<<<<
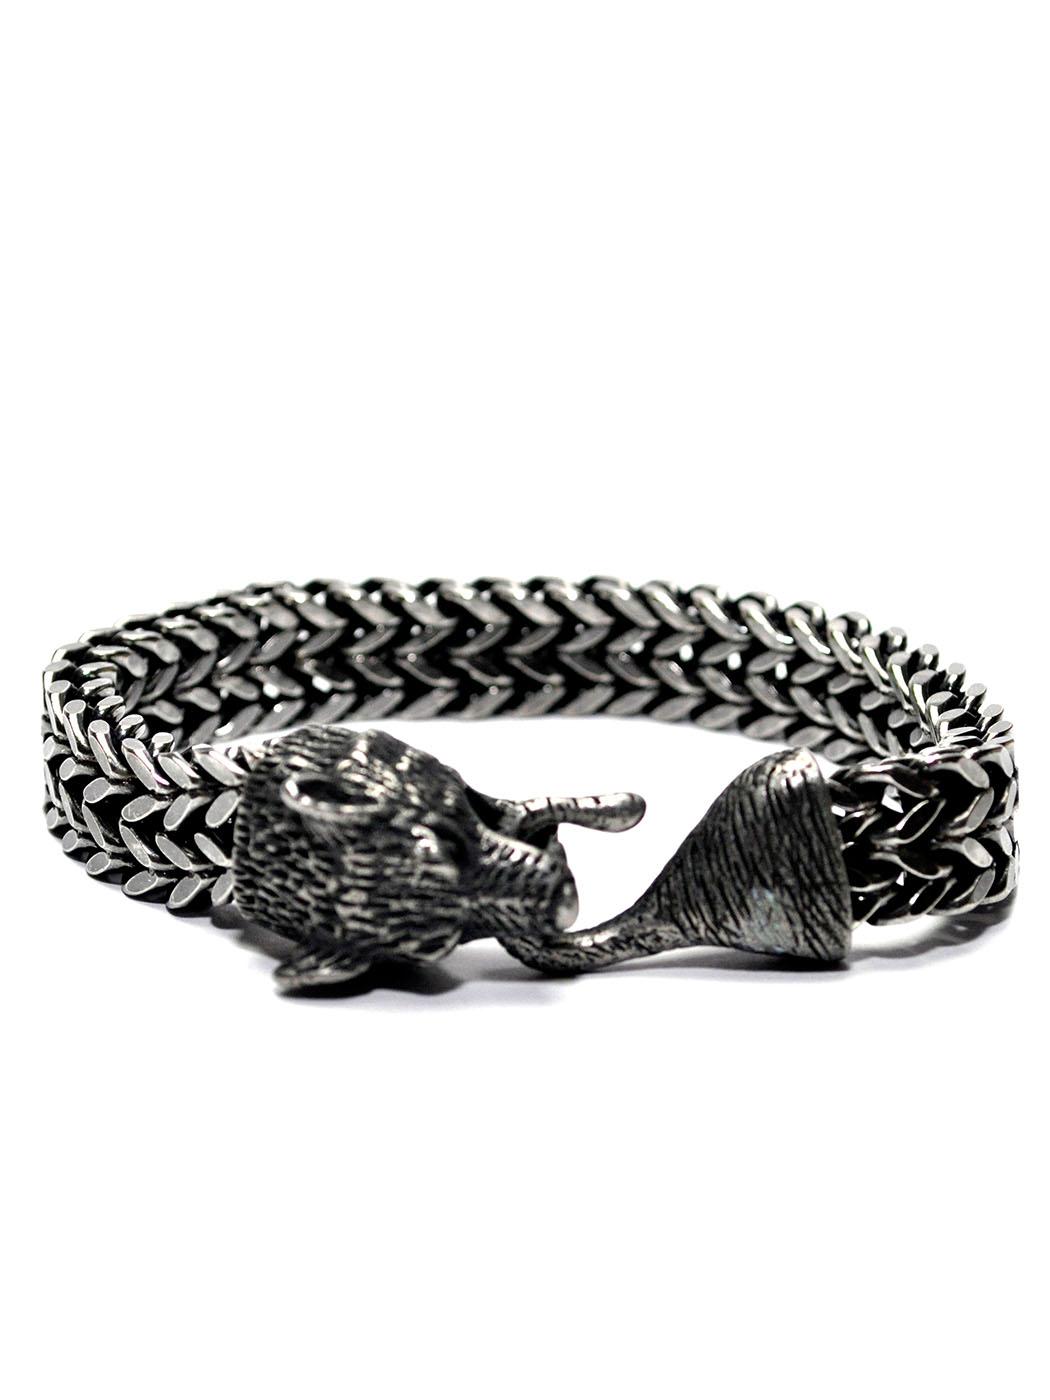 Wolf Wristband, Viking Bracelet, Nordic Bracelet, Ragnar Bracelet, Viking Arm Ring, Fenrir Bracelet, Viking Arm Cuff, Nordic Arm Band, Mjolnir Bracelet, Viking Wristband, Nordic Arm Bands, Valknut Bracelet, Ragnars Bracelet, Werewolf Bracelet, Arm Ring Bracelet, Wolf Bracelet Mens, Wolf Head Bracelet, Mens Torc Bracelet, Wolf Bead Bracelet, Athelstan Bracelet, Gold Wolf Bracelet, Viking Axe Bracelet, Wolf Charm Bracelet, Viking Arm Bracelet, Viking Leather Cuff, Wolf Slave Bracelet, Jormungandr Armband, Wolf Tooth Bracelet, Norse Rune Bracelet,
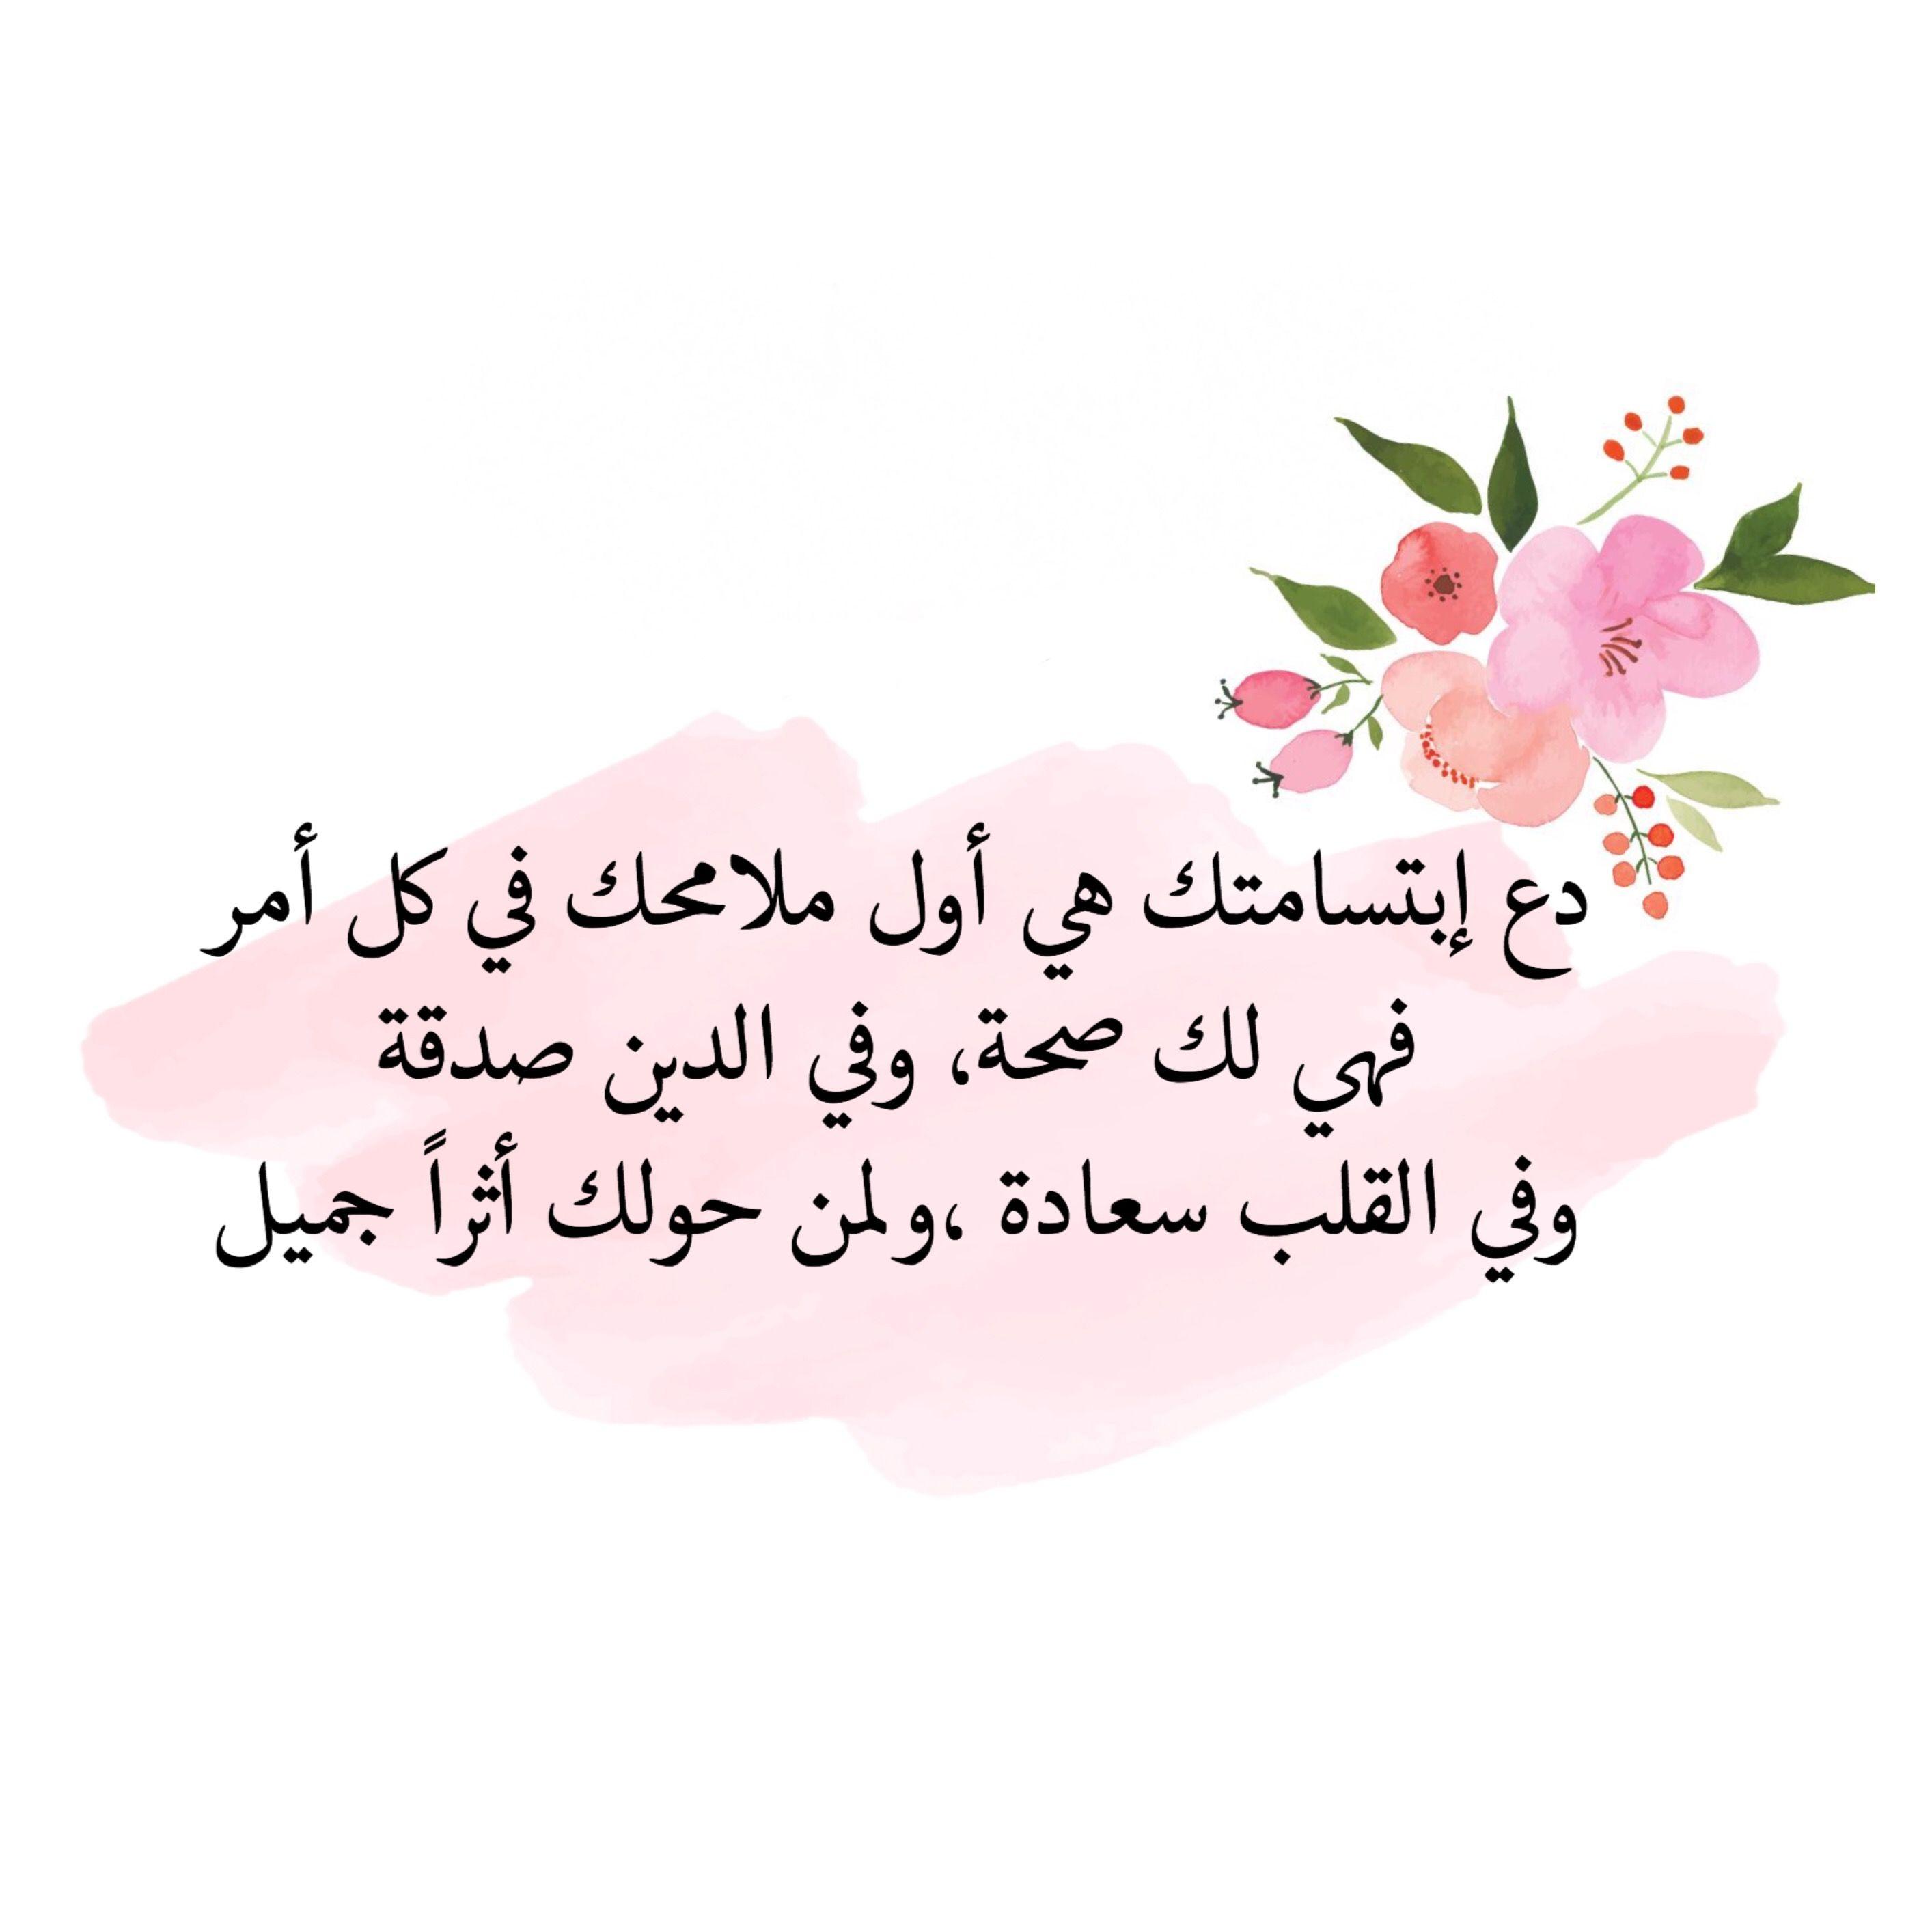 الابتسامة صدقة Quotes For Book Lovers Islamic Quotes Wallpaper Quotes Rindu
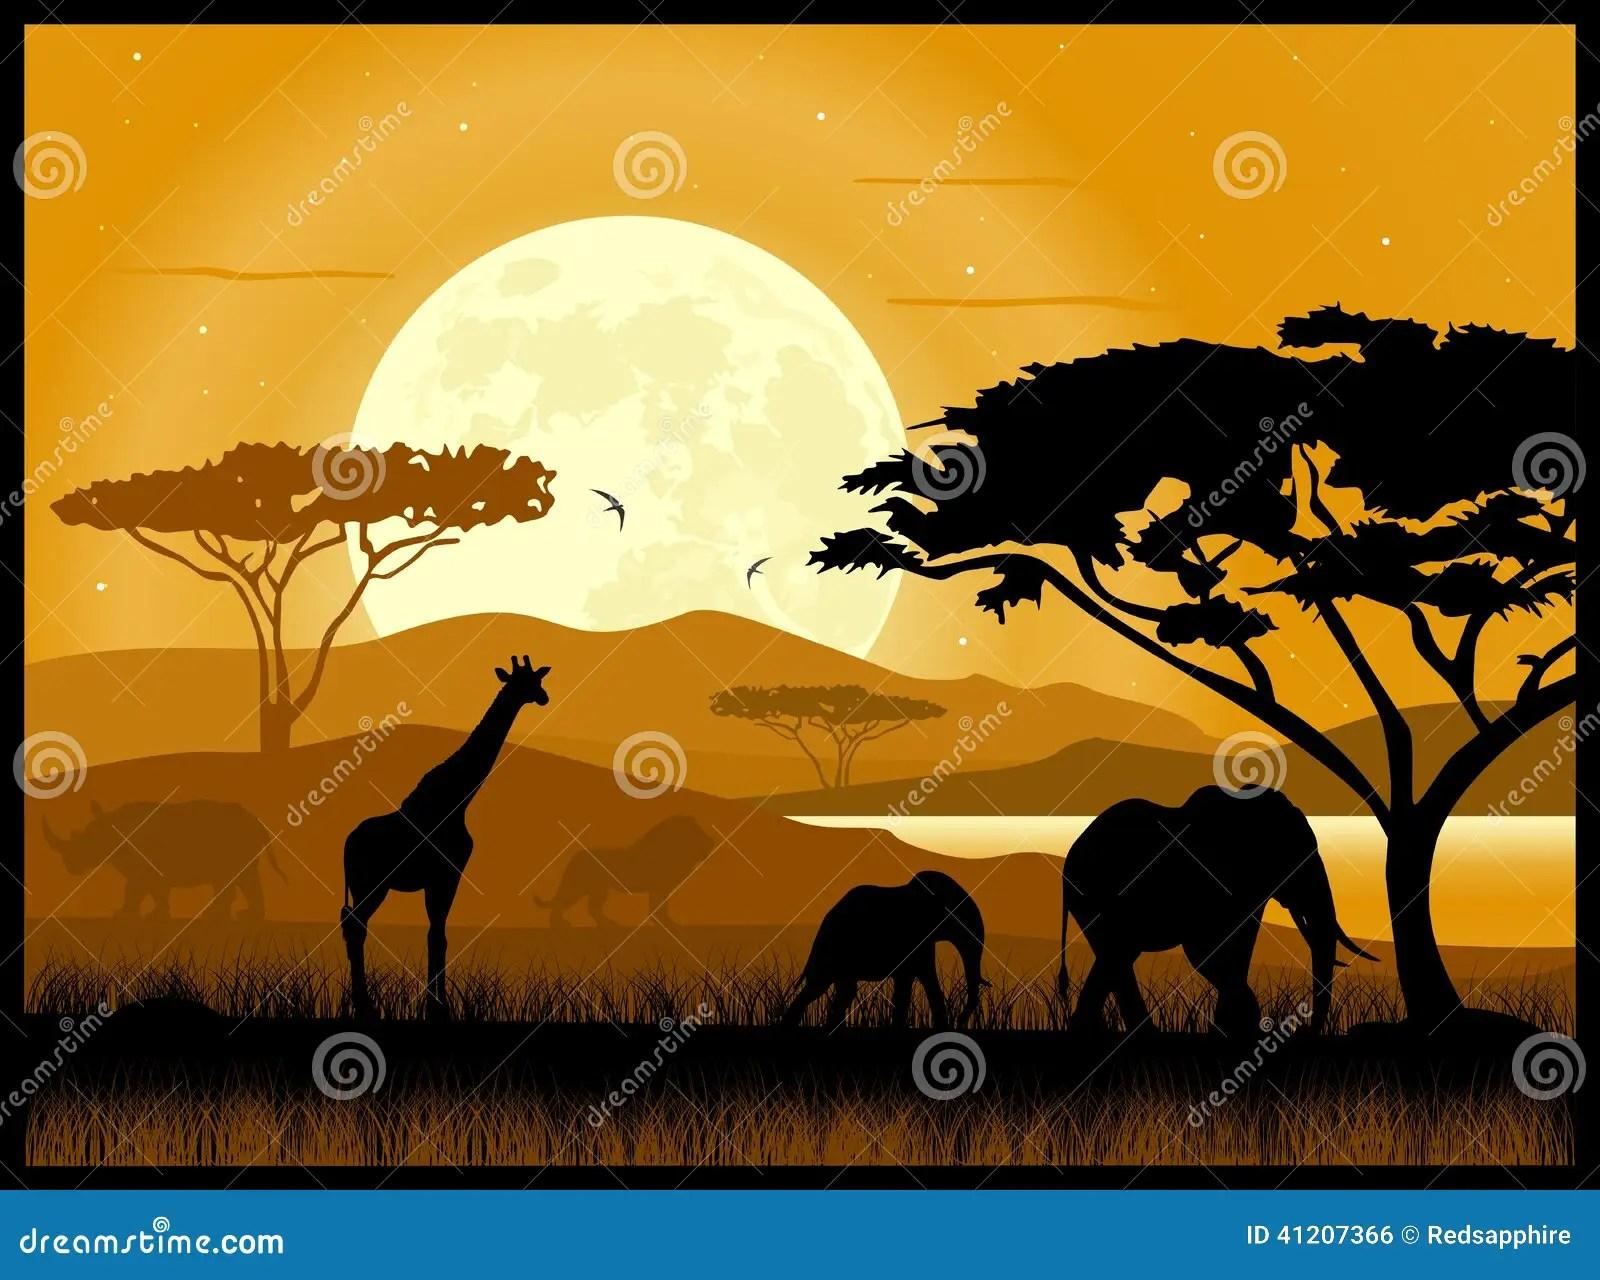 Safari Animal Wallpaper La Savane Africaine Illustration De Vecteur Image Du
>>>>
Would you please repeat all the data word for word, but without the pictures?

Task response:
 Wolf Wristband, Viking Bracelet, Nordic Bracelet, Ragnar Bracelet, Viking Arm Ring, Fenrir Bracelet, Viking Arm Cuff, Nordic Arm Band, Mjolnir Bracelet, Viking Wristband, Nordic Arm Bands, Valknut Bracelet, Ragnars Bracelet, Werewolf Bracelet, Arm Ring Bracelet, Wolf Bracelet Mens, Wolf Head Bracelet, Mens Torc Bracelet, Wolf Bead Bracelet, Athelstan Bracelet, Gold Wolf Bracelet, Viking Axe Bracelet, Wolf Charm Bracelet, Viking Arm Bracelet, Viking Leather Cuff, Wolf Slave Bracelet, Jormungandr Armband, Wolf Tooth Bracelet, Norse Rune Bracelet,
 الابتسامة صدقة Quotes For Book Lovers Islamic Quotes Wallpaper Quotes Rindu
 Safari Animal Wallpaper La Savane Africaine Illustration De Vecteur Image Du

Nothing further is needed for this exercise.